As my company and our client grows, we’ll have to address some of these issues and come up with mechanisms to resolve some of these issues, without adding too much overhead. Not only am I enjoying being a programmer again, I’m enjoying the prospect of being able to help enhance our procedures and systems in the future. I’ll be referring to the sources noted at the start of this blog, but I’d be really interested to hear if anyone else has ideas on what we could do to change.

A Surprising Source of Problems

A recent short project for me involved working with a major and well-known payment-services provider (PSP) company that involved changes to the way we handle credit and debit card payments. We received a specification document from them for a new web service; but the document was incomplete; for example it mentioned return values from the service but not any exceptions that might be produced by the service. It mentioned parameters for one function that it did not mention were returned by another source (and how they were passed, etc). I’d asked our contact on several occasions for more detailed documentation, and an example implementation in html plus any other language. Consistently, they neglected to provide anything else.

And then, during testing, several points and problems were raised in my implementation that could and should have been in the documentation we were supplied.

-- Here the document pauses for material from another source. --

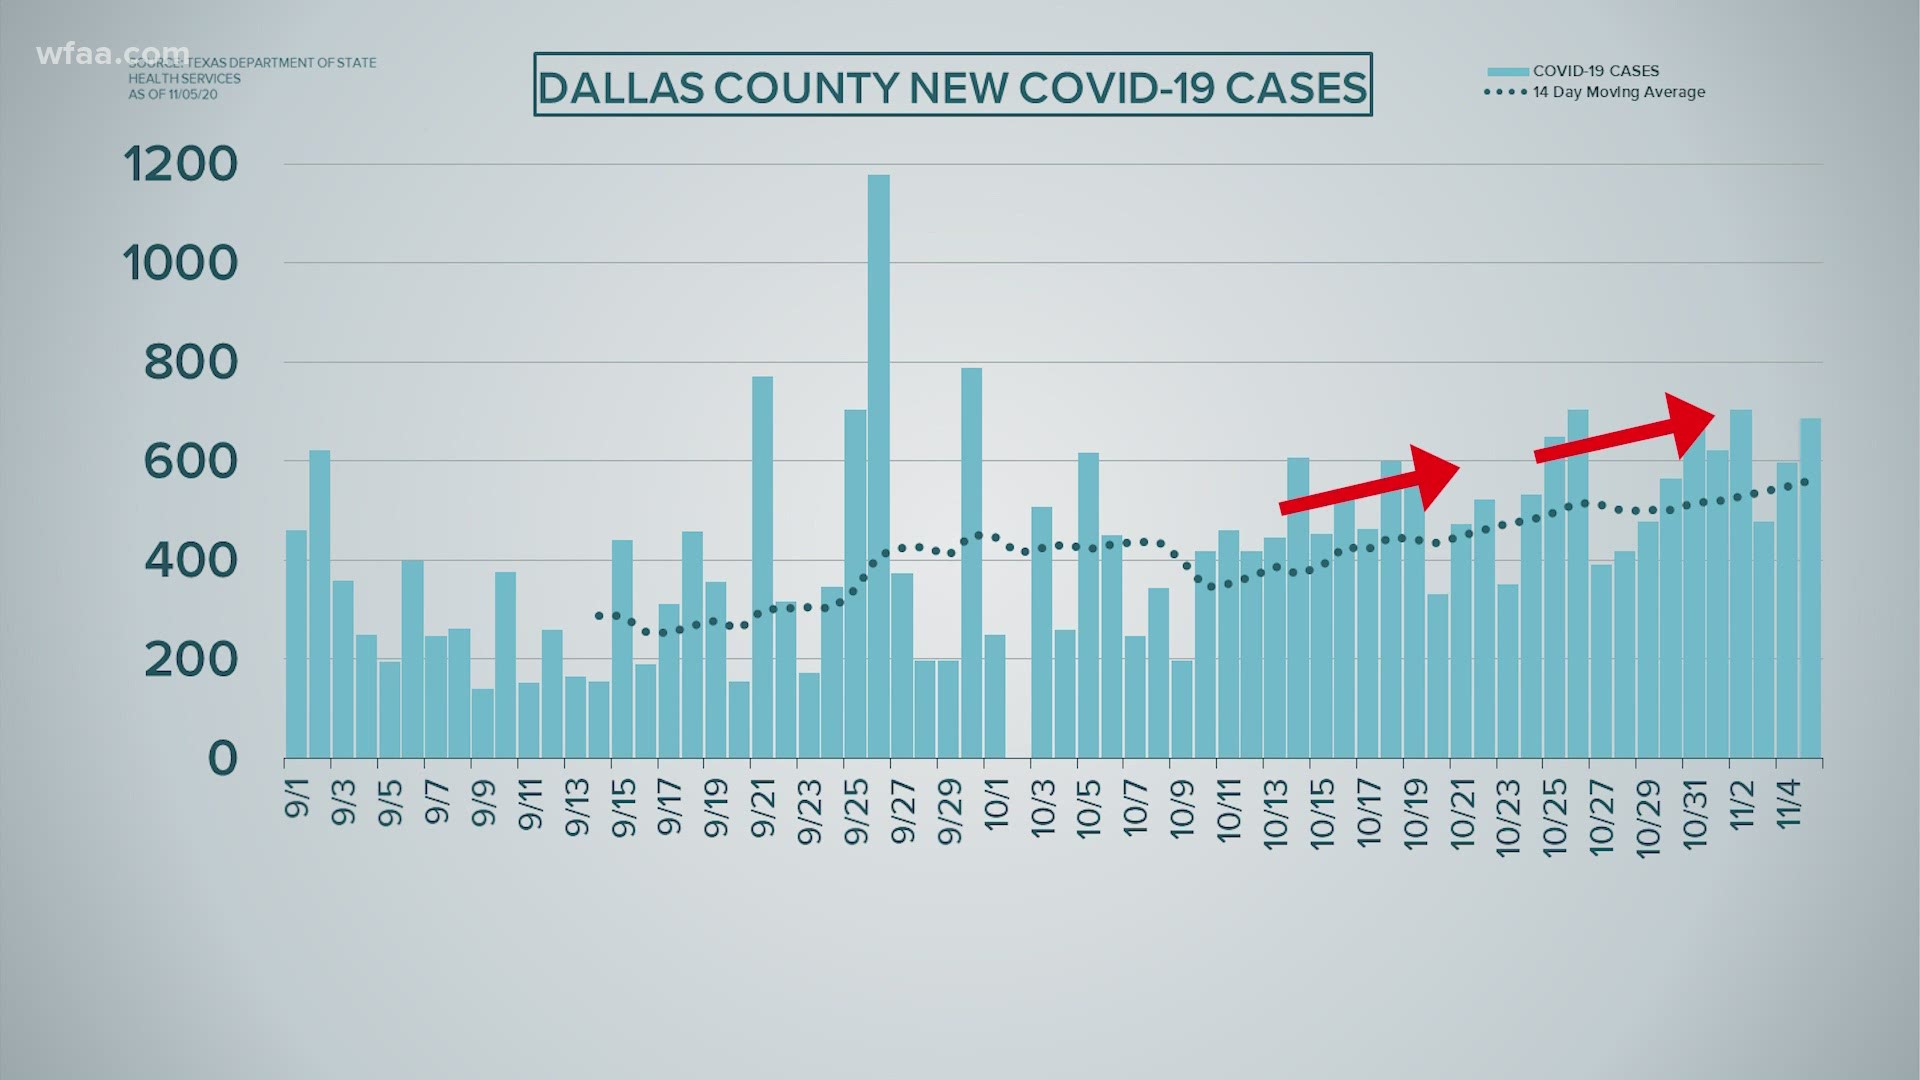 The state of Texas reported more than 8,000 COVID-19 cases and 133 deaths Thursday, Nov. 5.

I have to admit, that really annoyed me; I just did not expect that a company providing a service would be unwilling to elaborate on how that service should be used, and in addition, the surrounding issues like ‘after taking a payment, we expect you to present details of our payment reference to the user’.

Hypocrisy?

Is it hypocrisy to highlight flaws in this relationship with the PSP, when clearly ‘specification’ is not a strong point in my own company?

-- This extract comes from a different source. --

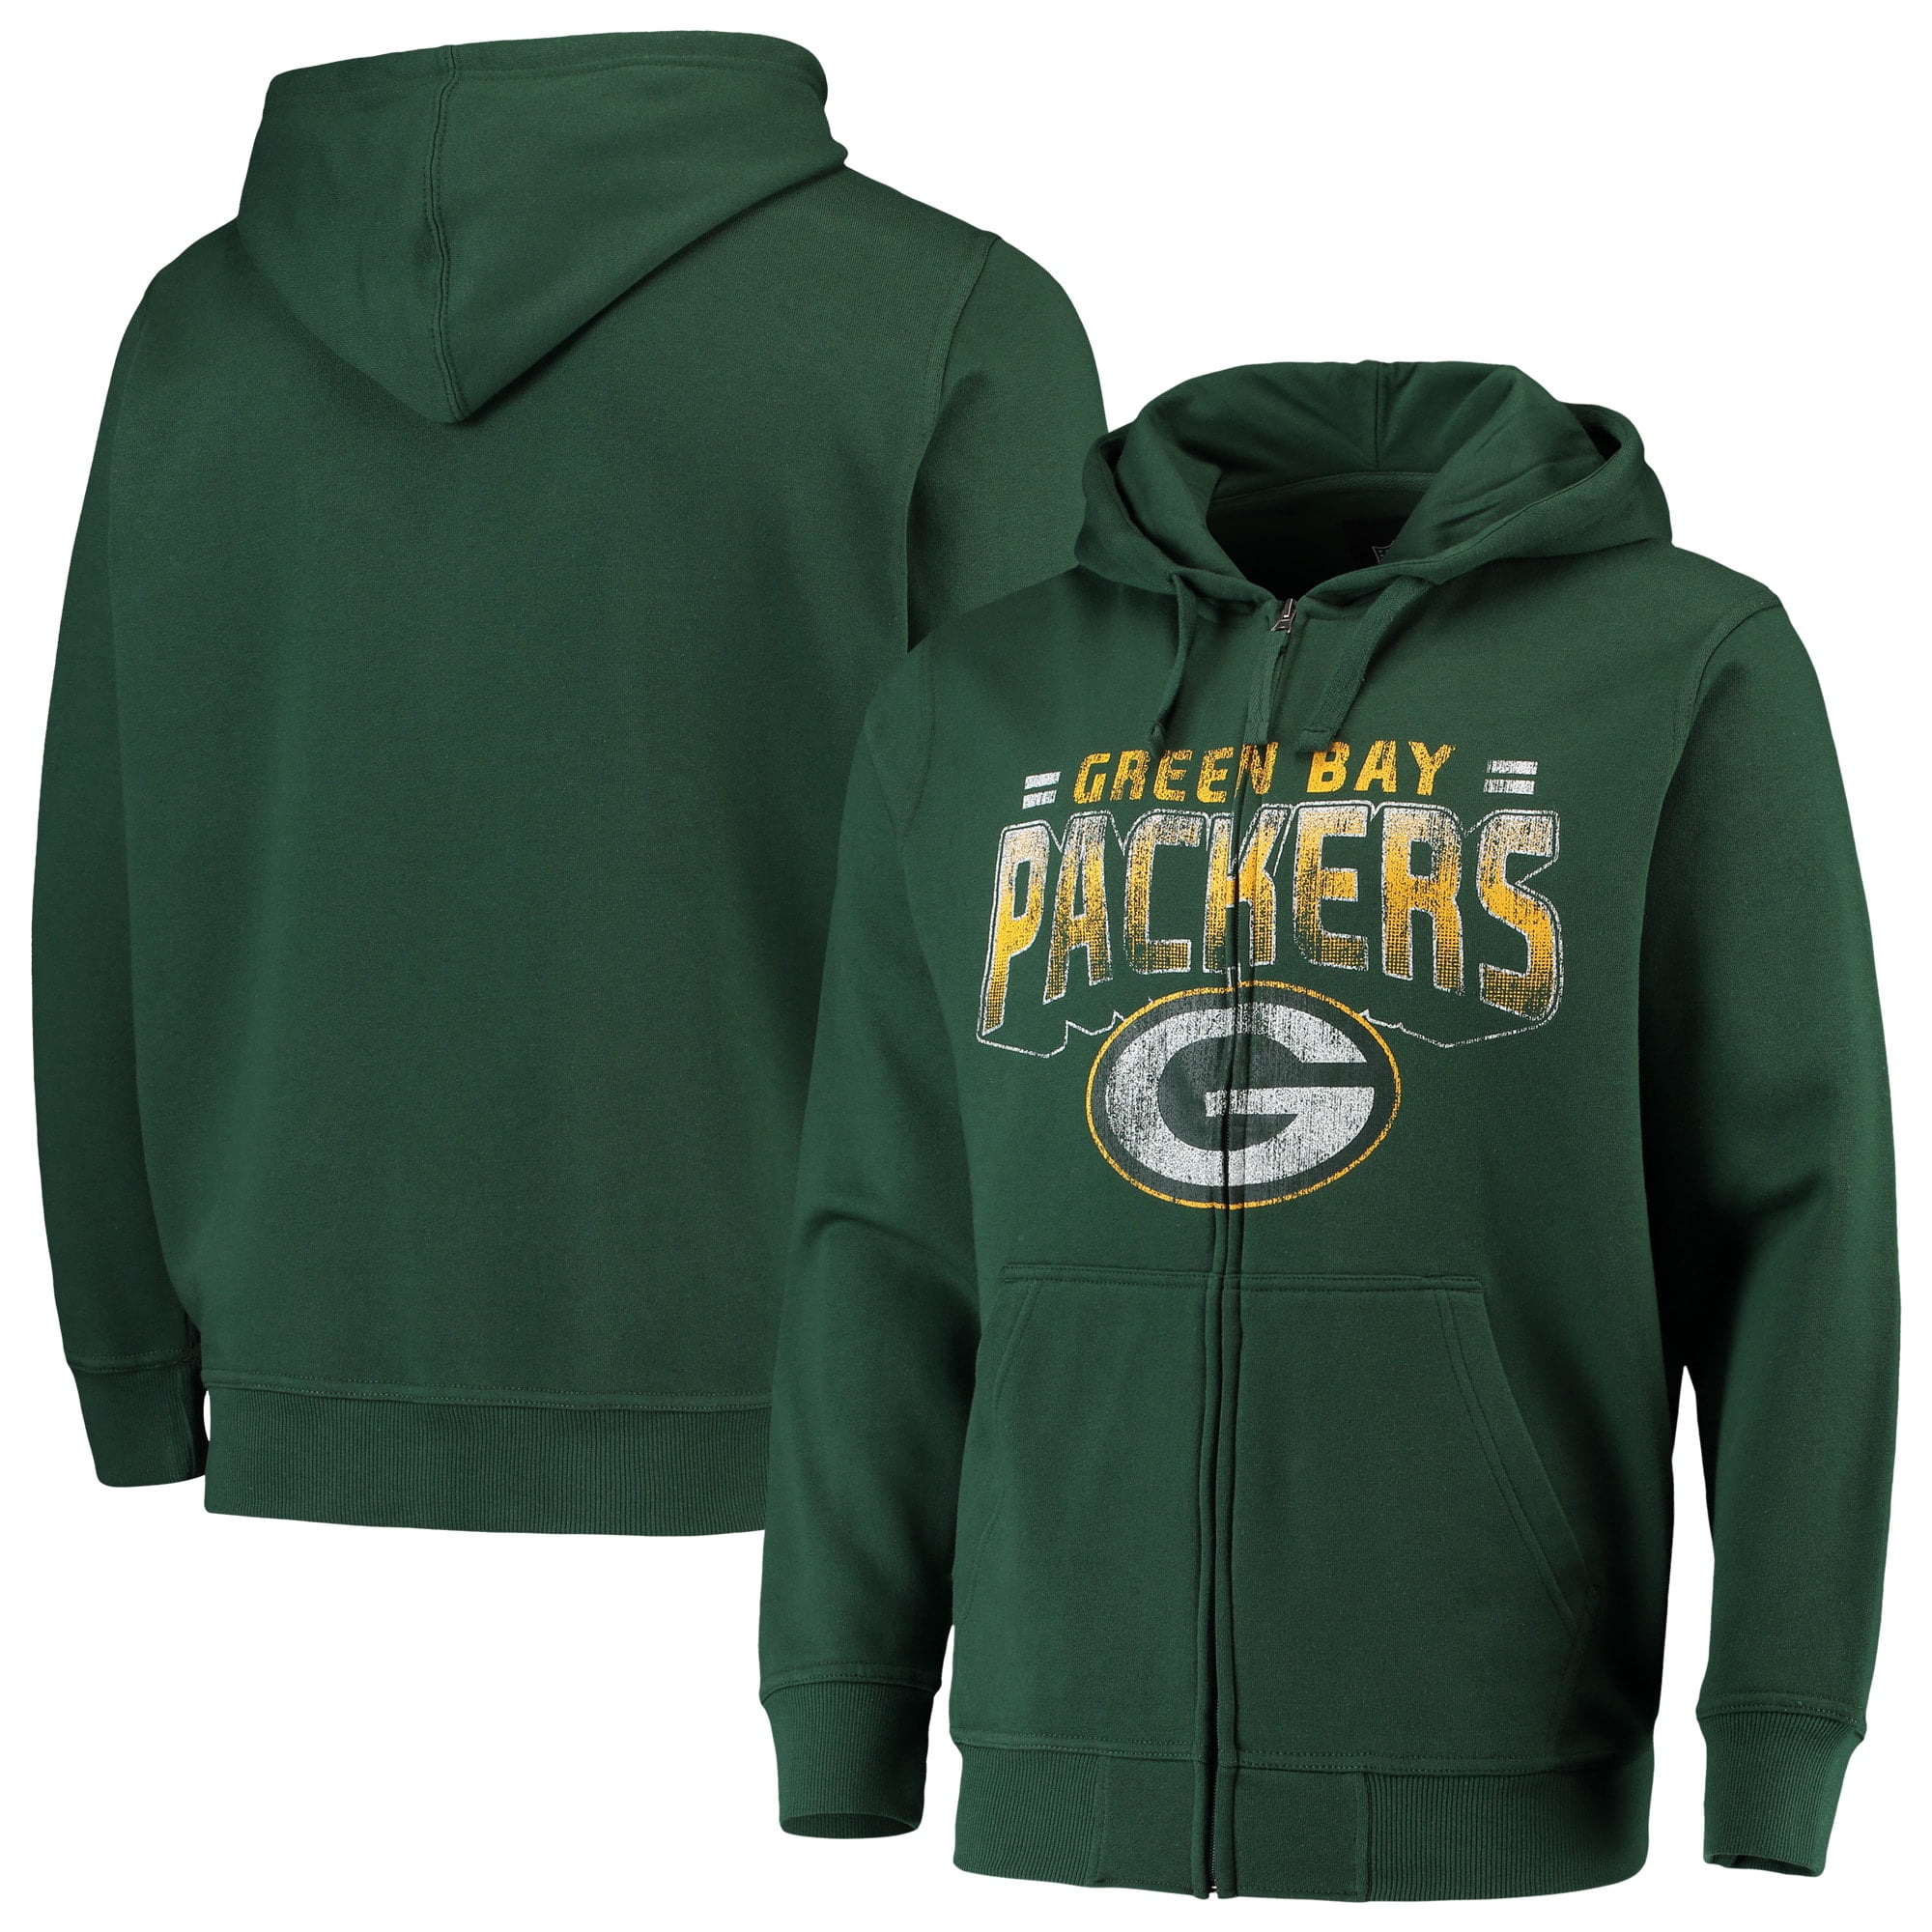 Sporty hoodie Green Bay Packers Jacket  Zip up Autumn Sweater Tops

I don’t think so. If our main client chooses to want a responsive approach to their work, they pay for the time that we spend implementing it. They get some benefits from that approach, but they also pay for the down-sides too. When a major PSP takes the same approach, all the companies that have to use that interface pay the price – and in fact the PSP pays a price too in that they will spend more time answering questions and testing implementations.

It’s simply crazy – and once again highlights the different mindsets that different programmers and developers may need to have. If you work for a software company producing class libraries, your mindset may be orientated towards keeping a consistent interface… whereas if you produce a piece of software for ‘end users’ usability may be a priority, and so on.